1. Rerun the same script from the DeepSpeech repository to obtain a dynamic graph. Provide an additional flag `n_steps` which corresponds to the sequence length and has a default value of 16. Setting it to -1 means that the sequence length can take any positive value:
    
	```shell
	!python DeepSpeech.py --n_steps -1 --export_dir /tmp --checkpoint_dir ./deepspeech-0.7.1-checkpoint --alphabet_config_path=alphabet.txt --scorer_path=kenlm.scorer >/dev/null 2>&1
	```

2. Convert the newly exported dynamic TensorFlow model to a Core ML neural network model:
    
	```python
	mlmodel = ct.convert(tf_model, outputs=outputs)
	```

3. After the model is converted, inspect how this new model is different from the previous static one:
    
	```python
	inspect_inputs(mlmodel,tf_model)
	```

The shape of input `input_node` is now `(1, None, 19, 26)`, which mean that this CoreML model can work on inputs of arbitrary-sequence length.

```{note}

The dynamic Core ML model offers dynamic operations, such as "get shape" and "dynamic reshape", which are not available in the previous static model. The Core ML Tools converter offers the same simplicity with dynamic models as it does with static models.
```

4. Validate the transcription accuracy on the same audio file:

```python
input_dict = {}
input_dict["input_node"] = mfccs
input_dict["input_lengths"] = np.array([mfccs.shape[1]]).astype(np.float32)
input_dict["previous_state_c"] = np.zeros([1, 2048]).astype(np.float32) # Initializing cell state 
input_dict["previous_state_h"] = np.zeros([1, 2048]).astype(np.float32) # Initializing hidden state
```

5. With the dynamic model you don't need to create a loop. You can feed the entire input feature directly into the model:

```python
probs = mlmodel.predict(input_dict)["logits"]
transcription = postprocessing(probs)
print(transcription[0][1])
```

The result is the same transcription with the dynamic Core ML model as with the static model.

## Convert a Dynamic Model to a Static One

So far you worked with two variants of the DeepSpeech model:

- Static TF graph: The converter produced a Core ML neural network model with inputs of fixed shape. 
- Dynamic model: The converter produced a Core ML neural network model that can accept inputs of any sequence length. 

The converter handles both cases transparently without needing to make a change to the conversion call.

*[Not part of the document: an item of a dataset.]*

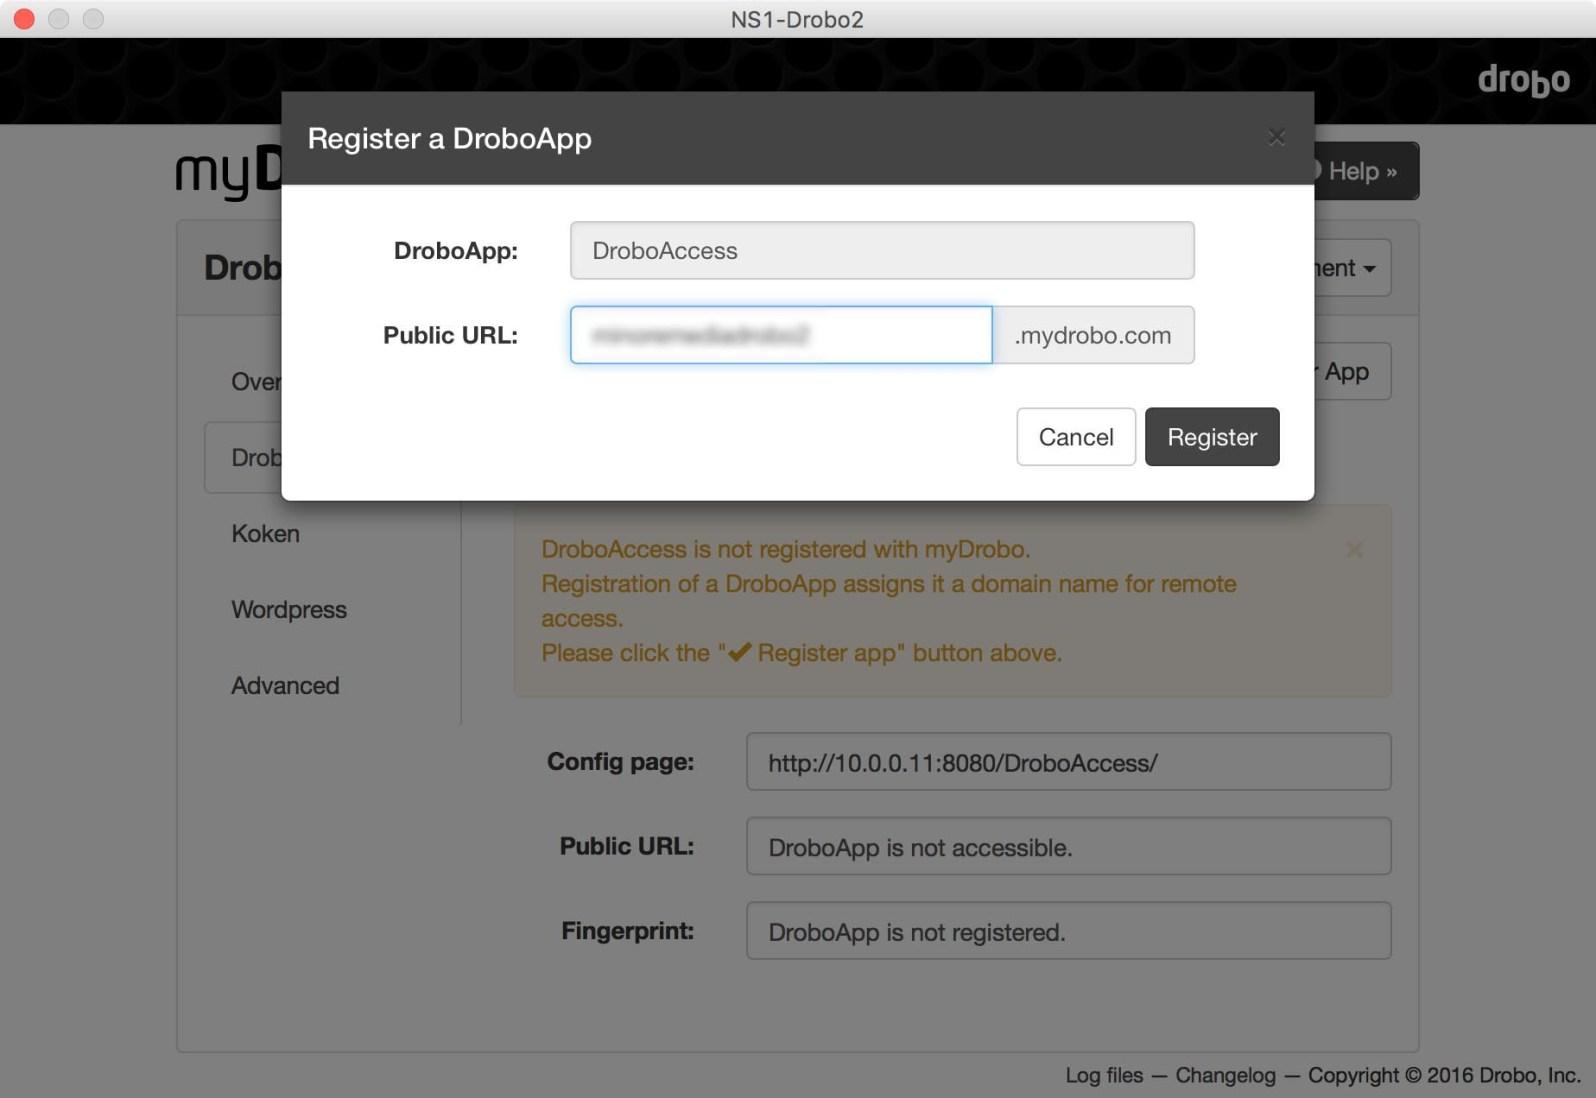 Register a DroboApp

It is also possible with the Core ML Tools converter to start with a dynamic TF graph and obtain a static Core ML model. Provide the type description object containing the name and shape of the input to the conversion API: 

```python
input = ct.TensorType(name="input_node", shape=(1,16,19,26))
mlmodel = ct.convert(tf_model, outputs=outputs, inputs=[input])
```

Under the hood, the type and value inference propagates this shape information to remove all the unnecessary dynamic operations. 

Static models are likely to be more performant while the dynamic ones are more flexible.